기존 bboxs를 yolo를 위한 target으로 변환해줍니다.

 

 

# Transformer 재정의
def get_train_transforms():
    return A.Compose([
        A.Resize(448,448, always_apply=True, p=1),
        # A.Cutout(num_holes=7, max_h_size=16, max_w_size=16, fill_value=0, always_apply=False, p=0.5),
        A.RandomBrightnessContrast(p=0.2),
        A.HorizontalFlip(),
        ToTensor(),
    ], bbox_params=A.BboxParams(format='albumentations', label_fields=['category_ids']))

def get_test_transforms():
    return A.Compose([
        A.Resize(448,448, always_apply=True, p=1),
        ToTensor(),
    ])

albumentations를 활용해 transforms를 정의해주고,

cutout을 넣으면 학습할 때 loss가 nan이되는 오류가 있어서 뺐습니다.

 

train_ds = VOCDataset(train_list, transforms=get_train_transforms())
valid_ds = VOCDataset(valid_list, transforms=get_test_transforms())
test_ds = VOCDataset(test_list, mode='test', transforms=get_test_transforms())

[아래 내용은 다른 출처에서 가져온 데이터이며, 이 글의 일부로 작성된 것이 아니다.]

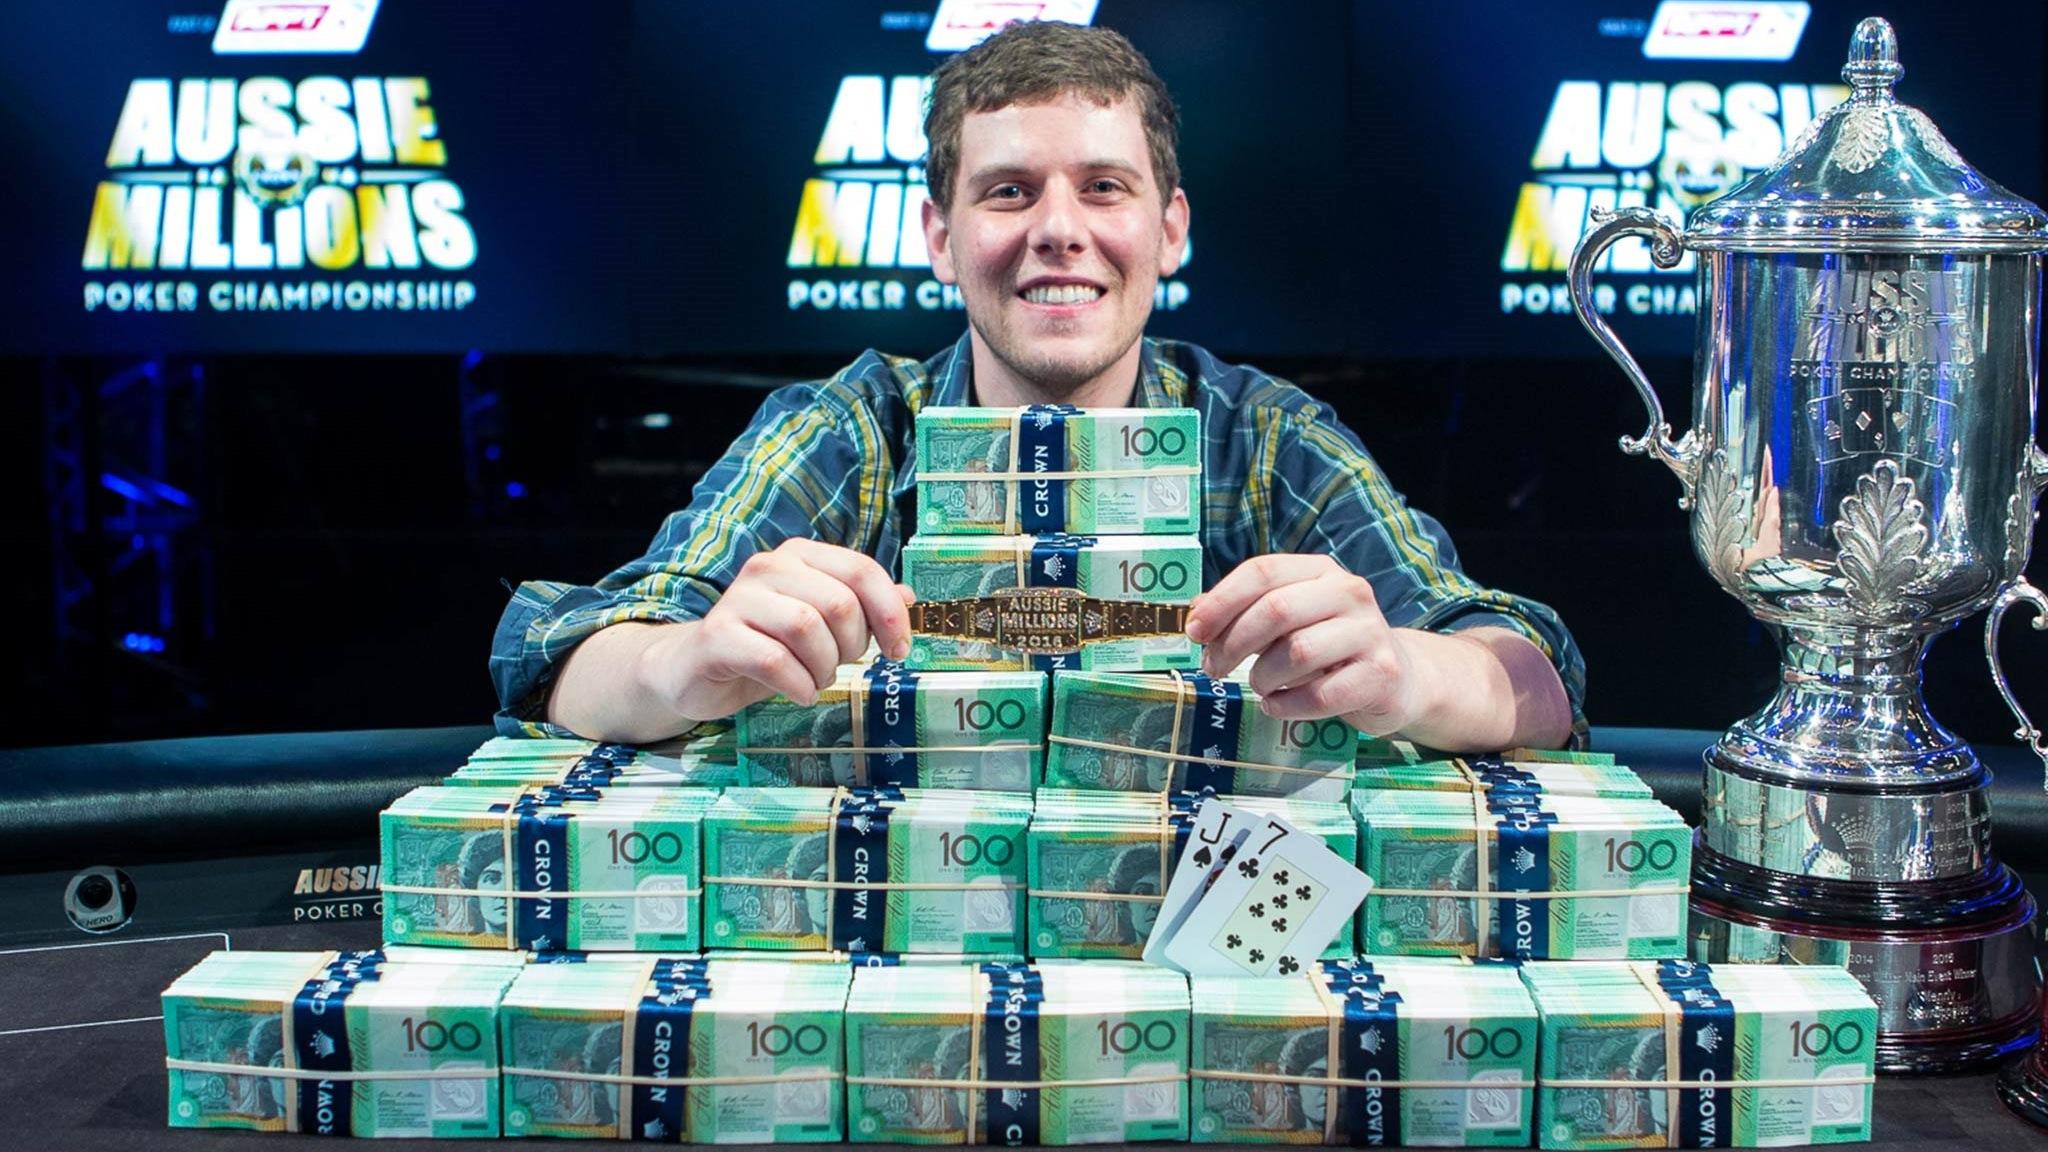 2017 Aussie Millions Poker Championship

# torch tensor를 batch size만큼 묶어줌
def collate_fn(batch):
    images, targets = zip(*batch)
    return torch.cat([img.reshape(-1, 3, 448, 448) for img in images], 0), torch.FloatTensor(targets)

def test_collate_fn(batch):
    images = batch
    return torch.cat([img.reshape(-1, 3, 448, 448) for img in images], 0)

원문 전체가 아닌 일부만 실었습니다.